It was a casual Sunday afternoon. I went to the supermarket. I needed sugar.
I got to the plethora of sugar options on the shelf and stared. And stared.
I picked one up. I put it back. I couldn’t bring myself to buy it.
Why? Not because of all the options before me. It’s because I know that all this sugar in front of me isn’t produced in ways I agree with. Sugar production has historically been an industry made possible through exploitation and slavery, and it continues to be that way today. I’ve known that for a while, but that day in the supermarket it made me unable to purchase sugar. But I needed sugar. What to do? Driving across Auckland to the Trade Aid store to purchase Fairtrade sugar doesn’t seem a great ‘sustainable choice’ either. I went home sugarless. But I knew that soon I’d need sugar and be faced with the same dilemma.
More than anything, what surprised me about this sugar-debacle was myself. I’ve always ‘cared’ about ethical and sustainable consumer choices, but often it becomes merely idealist with an I’ll-buy-fair-trade-coffee-if-it’s-in-front-of-me thrown in on the side.
So what’s changed? I’m not exactly sure, though one thing stands out. I discovered I have 36 slaves working for me – in fact, I probably have more. I learned this through a website, slaveryfootprint.org, that analysed my consumer choices and estimated the number of people in forced labour who produce the products I purchase.
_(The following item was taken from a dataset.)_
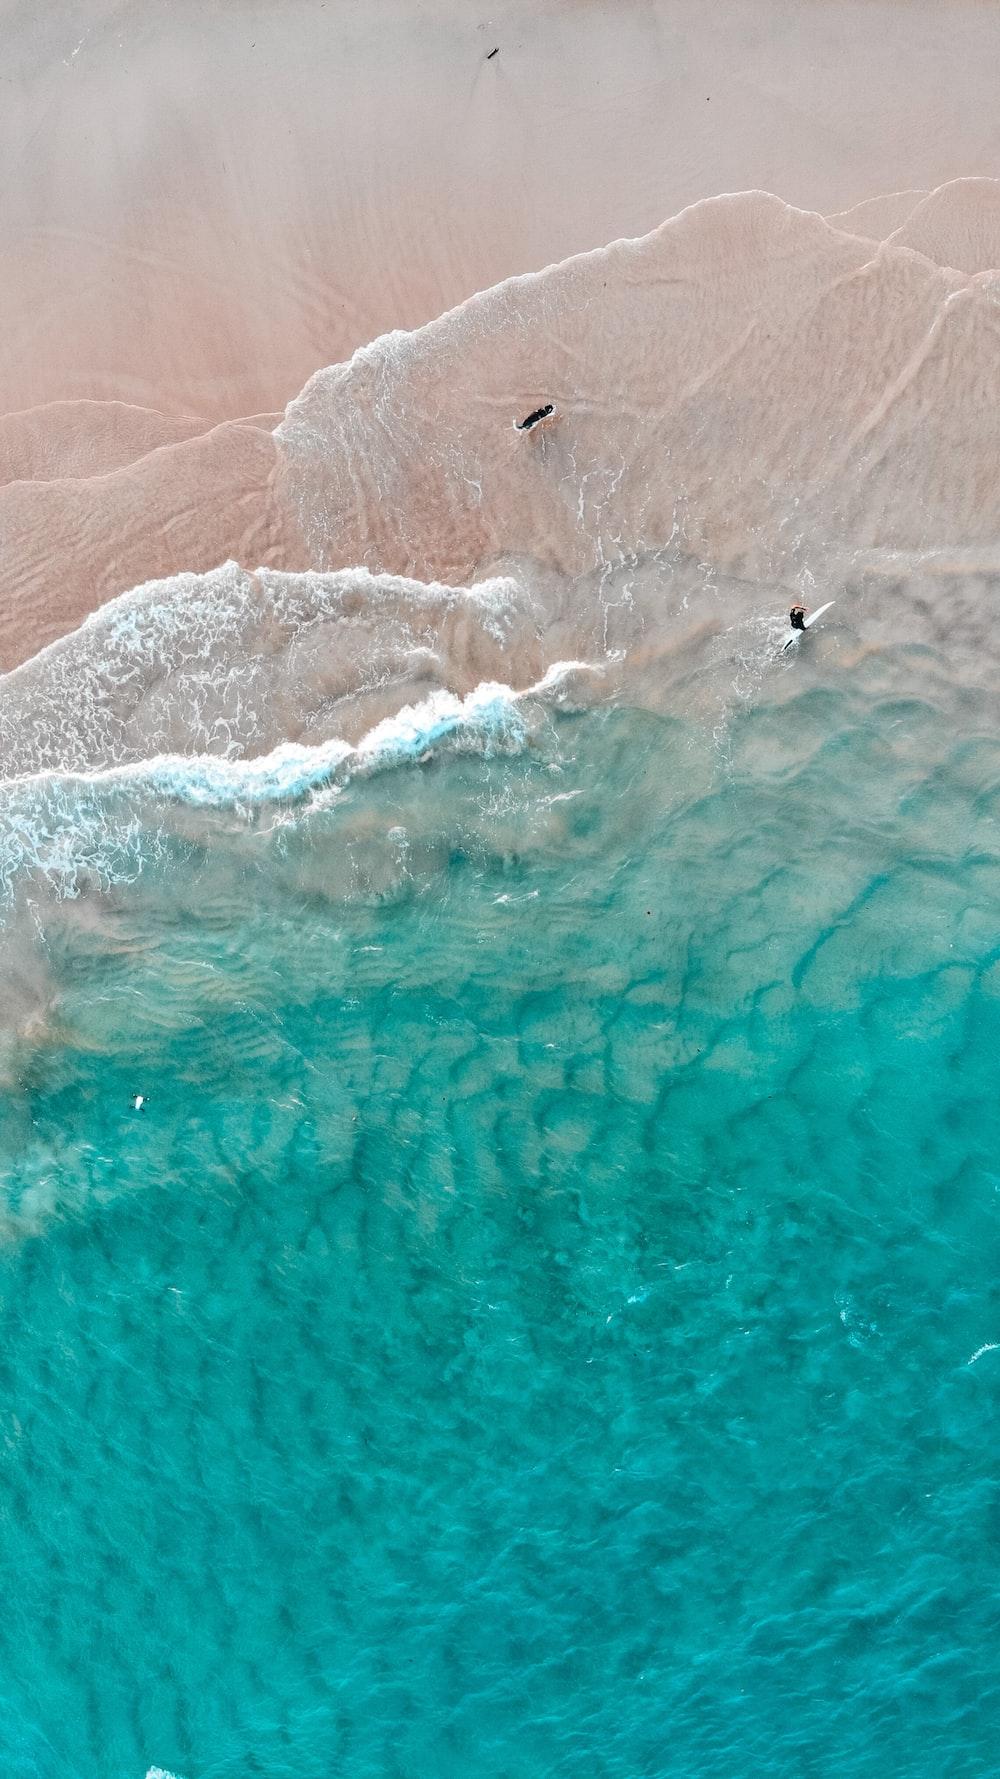 bird's eye view of sea shore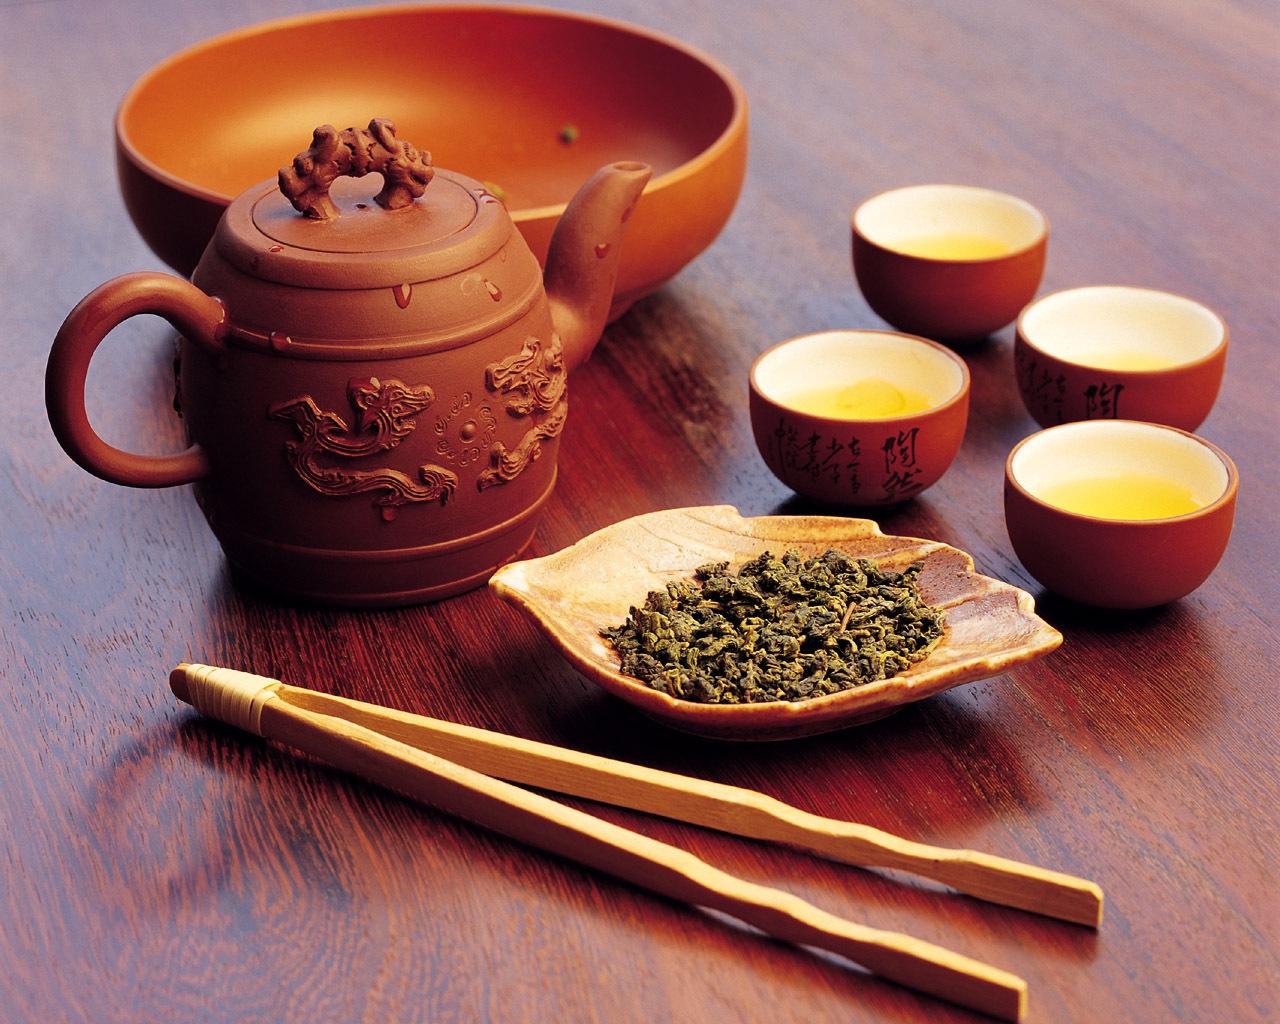 Чай по-казахски ингредиенты:на 4 порции: чай черный байховый - 6 г, молоко или сливки - полстакана

That hit hard.
I found out the areas we’re using modern-day slaves to support our consumer lifestyle. I found out not all products labelled ‘free-range’ or ‘fair-trade’ actually are. Many companies have realised there’s money to be made from this ‘fair-trade thing,’ so if they put on the words ‘organic,’ ‘free-range’ or ‘fair-trade’ people feel good and they can hike up the prices – but unless its endorsed by an ethical organisation like Fair Trade (which have standards you have to meet), there’s no guarantees. Not only this, but there are a whole lot more everyday products than I first assumed that perhaps aren’t fairly-traded. Think about it: if you go to a fair-trade store you’ll see all sorts of things other than sugar, coffee, and chocolate. There’s cinnamon, dried papaya, coconut oil, couscous, rice. There’s soap, jewellery, clothing, toys… If these products are fair-trade, it make me wonder: are the products in our supermarkets, clothing stores and toy stores not fair trade and slave-free?
So what does all this mean for me and what does it have to do with my desire to follow God and see his Kingdom come? Deep down I think God’s been doing a bit of stirring – I’m seeing his love for this entire world and creation changing the way I have to live. I’ve found myself unable to ignore this question: “How can I live sustainably and ethically in a way that honours all of God’s creation?”
Don’t get me wrong – I’m a weakling who struggles to do this. It doesn’t come naturally or easy. I’m selfish and buy things that are convenient, not fair. I drive to work. I own a smartphone. I don’t always recycle. The other day I tried not to use plastic bags at the supermarket and then ended up with my arms full of groceries (cos I forgot my reusable bags) – I dropped and broke some items on the pavement. And sometimes the whole thing just makes me feel overwhelmed and I don’t want to care at all!
So I’m still on a journey and I’m learning that daily choices matter. With that in mind, and with a dose of grace, I’m trying to:
- Get informed about products and let that information change my purchases
- Make sacrifices of time and effort, choosing inconvenience for me but fairness for others
- Invite friends to consider their consumer choices and find people who will encourage me to keep trying
- Allow God to break my heart for those trapped in slavery that he cares so deeply for, which involves reading and hearing things that make me uncomfortable and teary
- After making selfish choices, get up the next day and try again
For me, it begins with (and ends with) my Father in heaven, whose Kingdom I want to see come on earth. A Kingdom that’s just, fair, full of compassion and abounding in love, where all people are free, a Kingdom where his people know that Jesus is Lord and that he’s prepared to turn over the tables in the marketplace and not allow greed and consumerism to destroy us.
Are you brave enough to find out how many slaves work for you? www.slaveryfootprint.org
What does God’s Kingdom of justice – where no one is a slave – mean for you?
In what ways do you already live intentionally fair-trade and consumer conscious? What ways do you struggle or have never thought about before?